Выпросивши у отца ружье, мальчик почти каждый день начал в сопровождении Титки и Куцки ходить на охоту:

“Охотником искусным он не сделался; но зато привык рано вставать и смело ходить по лесам. Каких он не видал высоких деревьев, каких перед ним не открывалось разнообразных и красивых лощин! Утомившись, он очень любил лечь где-нибудь на траве вверх лицом и смотреть на небо. И вдруг ему начинало представляться, что оно у него как бы внизу, самые деревья как будто бы растут вниз и вершины их словно купаются в воздухе, – а он лежит на земле потому только, что к ней чем-то прикреплен; но уничтожься эта связь, и он упадет туда, вниз, в небо. Павлу делалось при этом и страшно, и весело…”.

Таким образом, детство Писемский провел среди бодрящих и закаляющих телесно и душевно впечатлений деревенской жизни. Он получил в эти годы то скудное образование на медные деньги, какое в то время было свойственно среде мелкопоместного дворянства. Вот что говорит он в романе “Люди сороковых годов” о воспитании героя Паши:

“По случаю безвыездной деревенской жизни отца, наставниками его пока были: приходский дьякон, который версты за три бегал каждый день поучать его часа два; потом был взят к нему расстрига-поп, но оказался уж очень сильным пьяницей; наконец учил его старичок, переезжавший несколько десятков лет от одного помещика к другому и переучивший по крайней мере поколения четыре. Как ни плохи были такого рода наставники, но все-таки учили его делу: читать, писать, арифметике, грамматике, латинскому языку. У него никогда не было никакой гувернантки, изобретающей приличные для его возраста causeries[1] с ним; ему никогда и никто не читал детских книжек, а он прямо схватился за кой-какие романы и путешествия, которые нашел на полке у отца в кабинете; словом, ничто как бы не лелеяло и не поддерживало в нем детского возраста, а скорей игра и учение все задавали ему задачи больше его лет”.

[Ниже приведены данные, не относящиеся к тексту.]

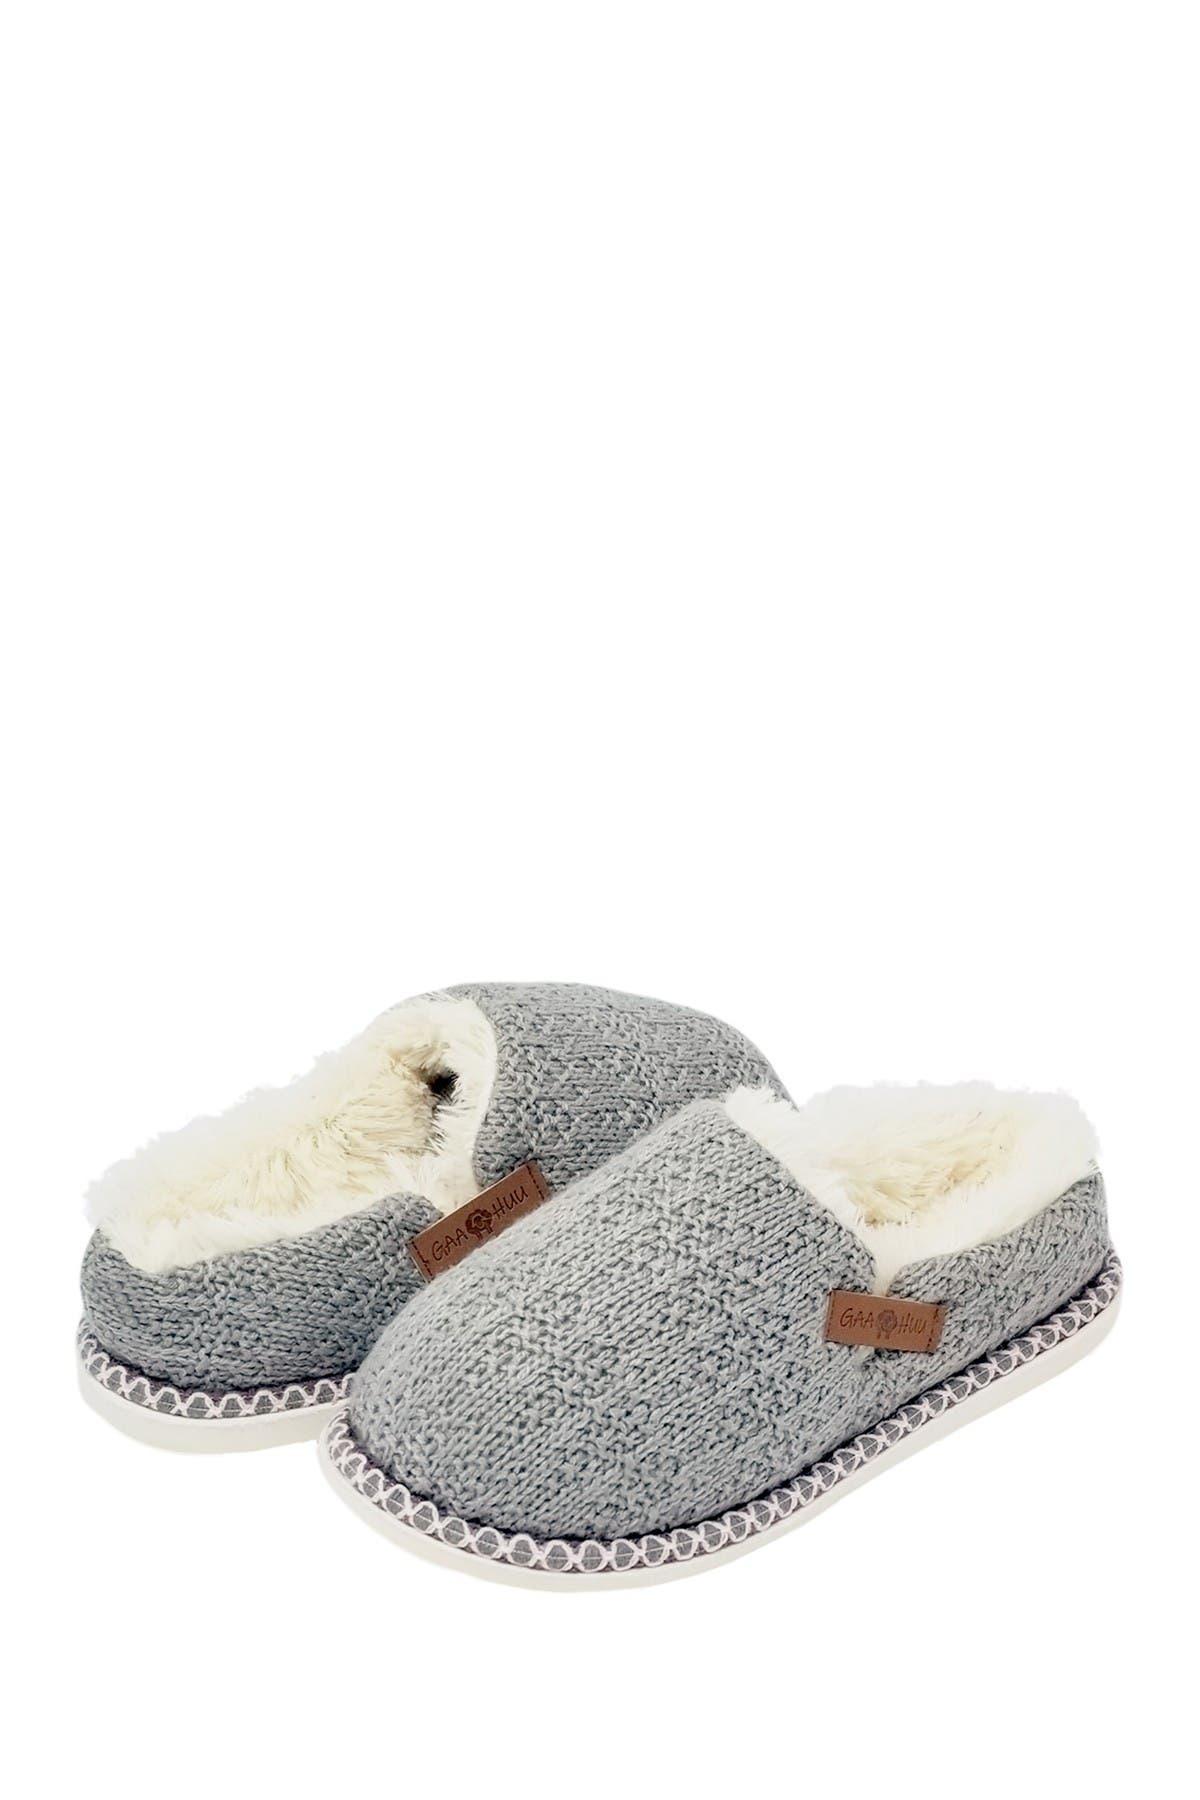 Image of GAAHUU Textured Knit Clog Slipper

Почти то же говорит он о своем воспитании в доме отца и в своей биографии.

“Учиться меня особенно не нудили, да я и сам не очень любил учиться; но зато читать и читать, особенно романы, любил до страсти: до четырнадцатилетнего возраста я уже прочел, в переводе разумеется, большую часть романов Вальтер Скотта, “Дон Кихота”, “Фоблаза”, “Жильблаза”, “Хромого Беса”, “Серапионовых братьев” Гофмана, персидский роман “Хаджи-Баба”; детских же книг я всегда терпеть не мог и, сколько припоминаю теперь, всегда их находил очень глупыми.

Наставники у меня были очень плохи и все русские. В детстве я, кроме латинского языка, никакому новому языку не учился, что мне впоследствии приносило и даже до сих пор приносит большой вред. Тщетно я в гимназии и в университете старался познакомиться с французским и немецким языками, которым, впрочем, в некоторой степени и выучивался, но только не надолго: не проходило и полугода, как я забывал язык. Вообще, кажется, у меня очень слаба способность к языкам, к истории и к естественным наукам; тогда как к наукам философским, т. е. к математике, к метафизике, к логике, эстетике, этике, я весьма склонен”.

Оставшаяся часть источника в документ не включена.